L’enseignement comprend une dimension déductive qui le différencie dans le processus d’émancipation des luttes sociales.
Théorie et pratique dans les luttes sociales
Les luttes sociales peuvent apparaître sans qu’il y ait une théorie fixe qui les orientent. Les luttes sociales reposent sur un processus pragmatique : les militants y testent des hypothèses d’action qui permettent la transformation sociale.
L’espace militant constitue un lieu d’élaboration de savoirs collectifs qui partent de l’expérience vécues des actrices. C’est le cas par exemple des groupe de parole et de conscience féministes qui permettaient aux femmes de prendre conscience que leur expérience n’était pas individuelle, mais collective.
L’éducation populaire s’est souvent appuyé sur ce modèle d’un processus d’apprentissage mutuel et égalitaire visant à s’approprier et élaborer un savoir collectif.
Des luttes sociales à la théorisation dans le champs scientifique
Le passage des luttes sociales au monde académique passe par une modification des exigences de rigueur intellectuelle.
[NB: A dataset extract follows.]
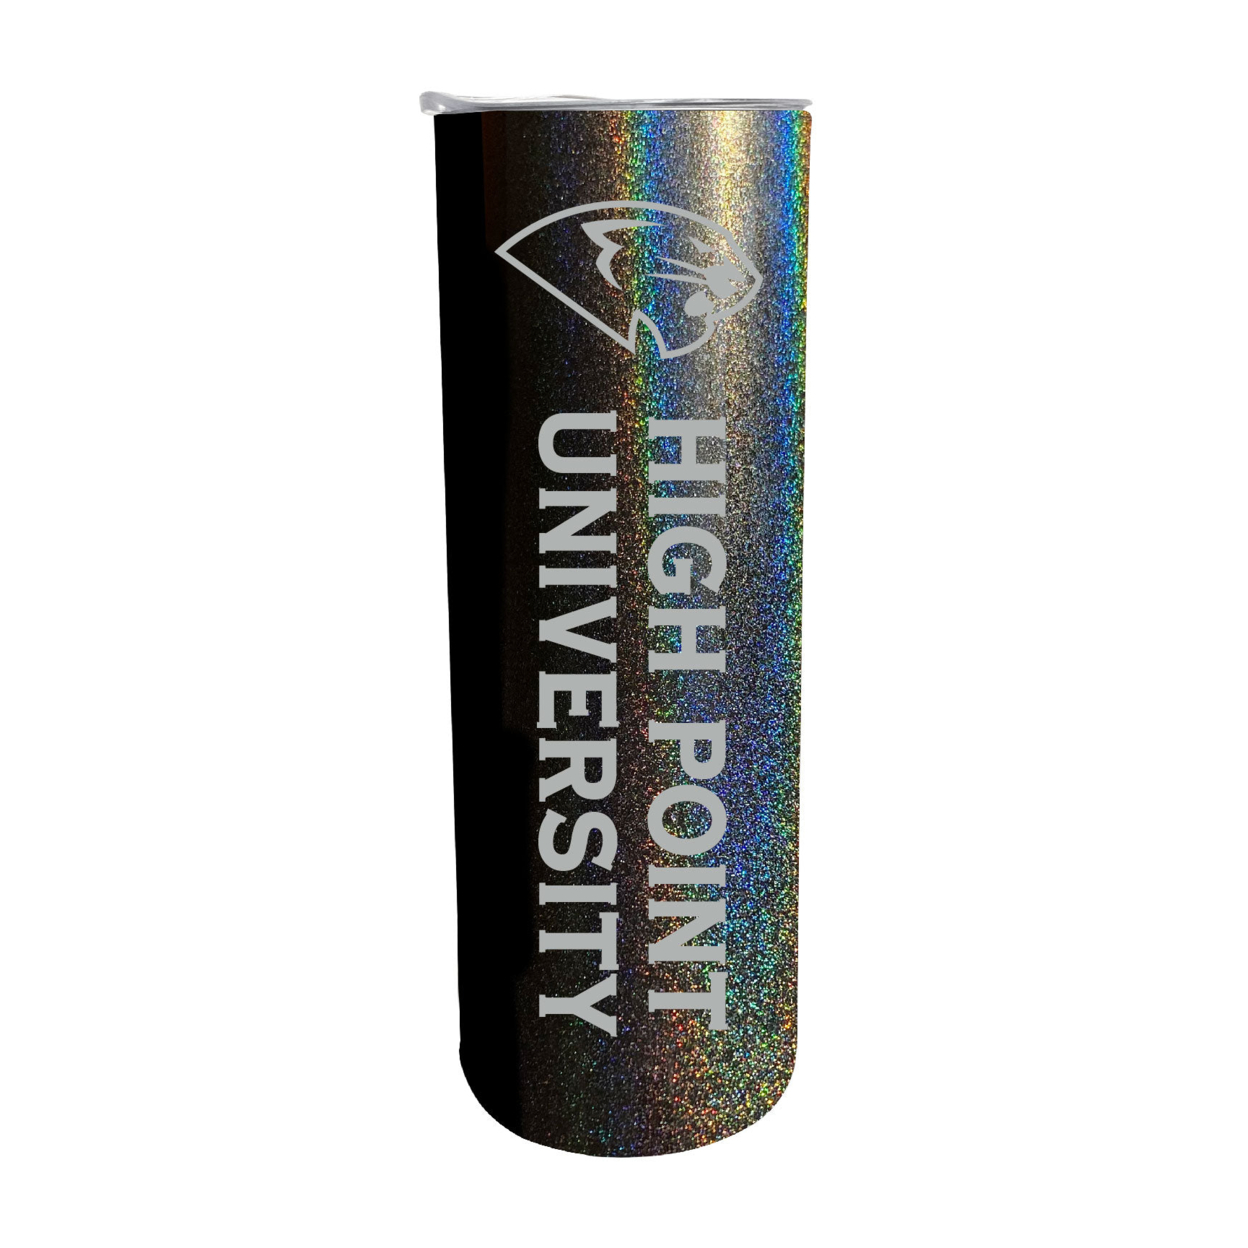 High Point University 20oz Insulated Stainless Steel Skinny Tumbler - Rainbow Glitter Black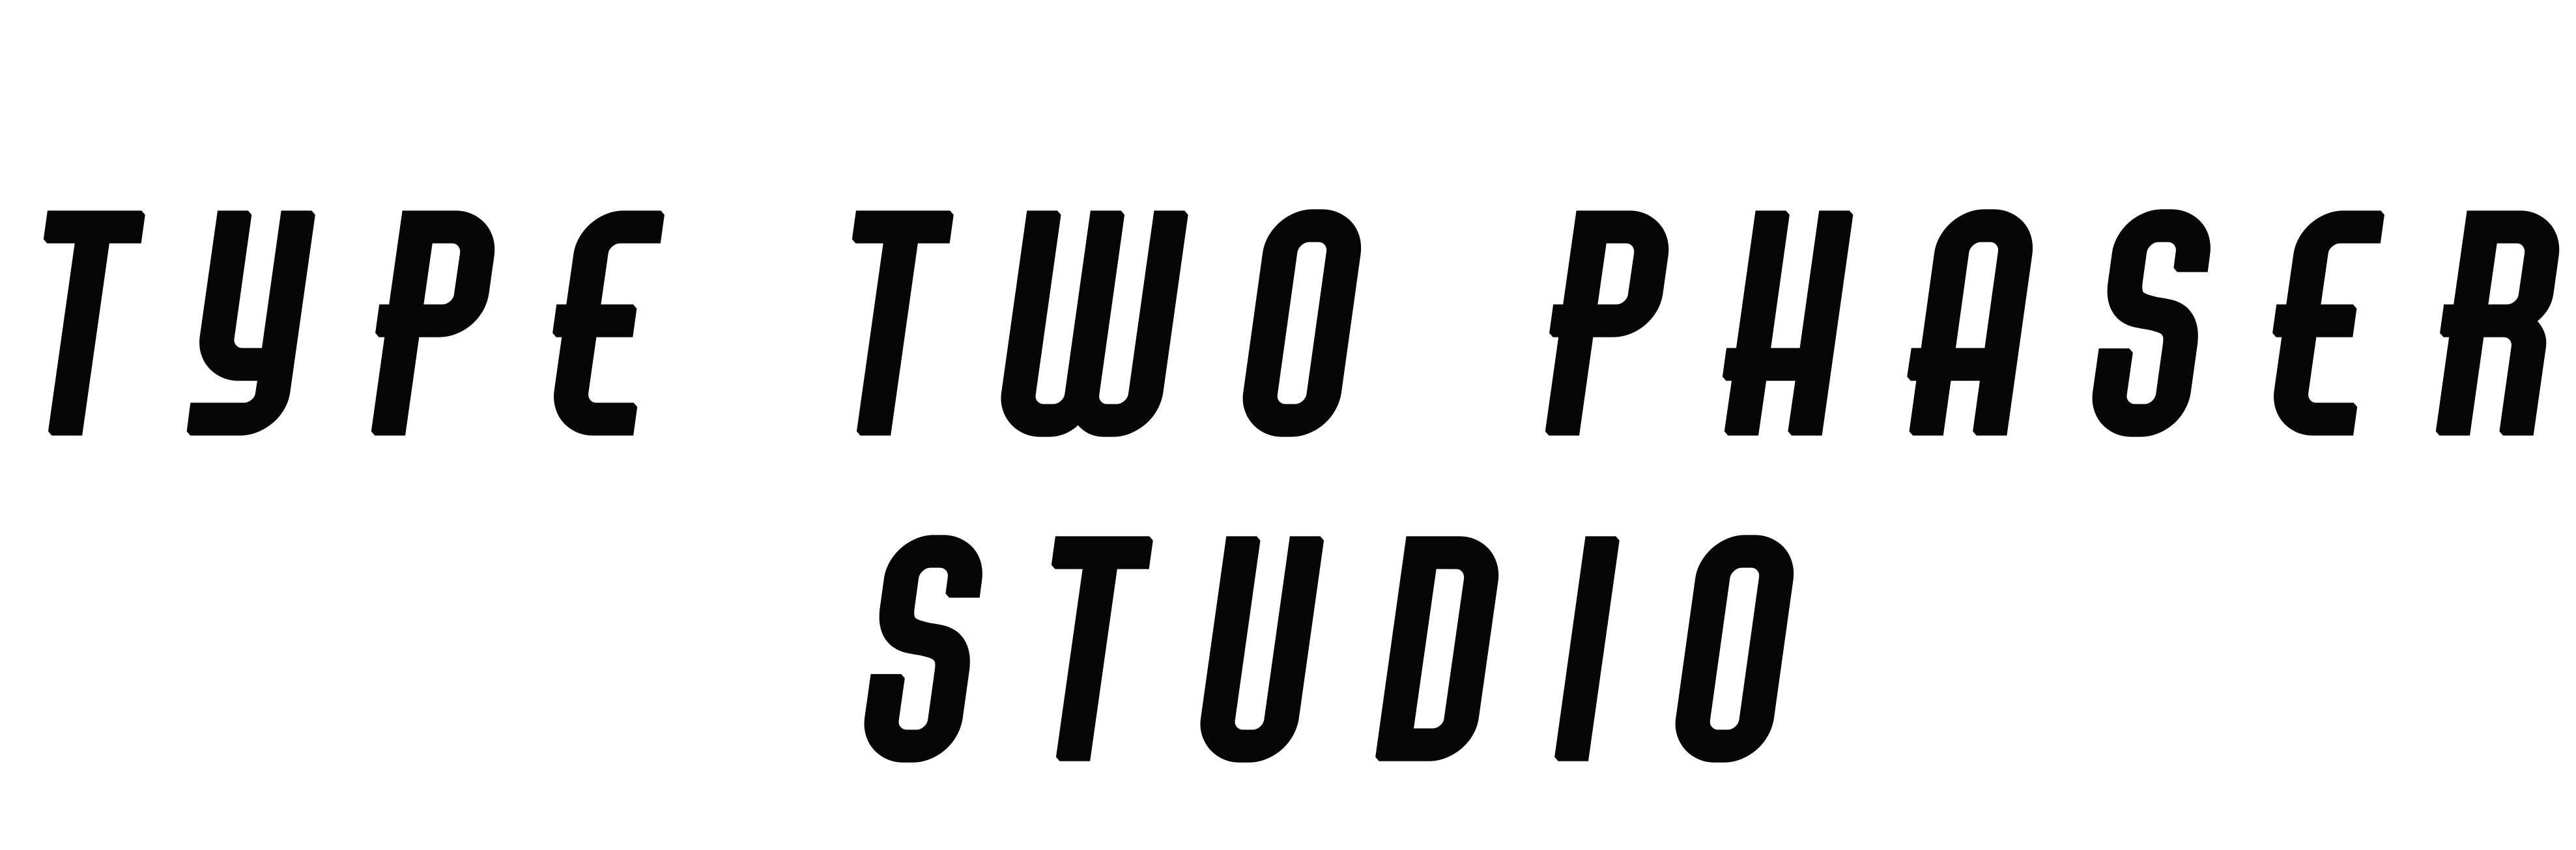 Type Two Phaser Studio

On peut prendre l’exemple d’un processus visant à établir sous la forme d’un ensemble de résultats statistiques des hypothèses d’analyse énoncés par des militantes.
Il est ainsi possible de déterminer sous forme statistique que l’expérience des femmes d’avoir en charge le travail domestique et le soin des enfants est bien une réalité statistiquement majoritaire et pas une simple impression.
Du champs scientifique à la didactisation pédagogique
La pédagogie critique se distingue de l’éducation populaire par le fait qu’elle ne se limite pas à un travail de conscientisation d’une expérience vécu mutuelle.
Elle se donne pour objectif de faire en sorte que des militants s’approprient un savoir critique académique en vue de développer leur niveau de conscience.
Il y a là un sous-entendu. On peut bien évidement lutter sans ce travail de conscientisation, mais la pédagogie critique présuppose que ce travail de conscientisation peut favoriser l’engagement dans les luttes sociales et que les savoirs scientifiques critiques peuvent également fournir des armes intellectuelles pour lutter.
La difficulté c’est que ces connaissances scientifiques sont difficilement accessibles à tous et que le rôle de l’enseignant est ici de permettre que toutes et tous puissent s’en emparer. L’enjeu est donc celui de la didactisation de ces savoirs théoriques.
Paulo Freire souligne à ce sujet l’importance de la clarté cognitif (« être simple sans être simplificateur ») et des métaphores (qui permettent de rendre les connaissances abstraites plus concrètes).
Le dialogue dans ce cas permet par l’échange de vérifier en particulier la compréhension et de lever des malentendus dans la réception de ces savoirs scientifiques.
Il y a bien une co-construction de savoir dans ce cas qui passe sur la question de l’opérationnalisation dans la pratique militante de ces savoirs scientifiques.
Conclusion :
Il est nécessaire sans doute d’éviter la confusion entre deux types différents d’apprentissage et de co-construction de savoirs.
Il y a un premier type de processus qui est la co-construction mutuelle de savoirs qui vise une montée en généralité d’expérience vécues. Elle peut avoir pour objectif l’élaboration de revendications. Ce processus est donc plutôt inductif.
Il y a un second type de processus de co-construction de savoirs. Il s’agit d’un processus qui vise à co-construire des savoirs pour les opérationnaliser dans la pratique. Ce processus comprend des aspects déductifs dans l’appropriation des savoirs académiques qui ne sont pas co-construits. Mais la co-construction intervient dans l’opérationnalisation de ces savoirs dans la pratique : car cela demande à la fois des connaissances théoriques et des savoirs pratiques.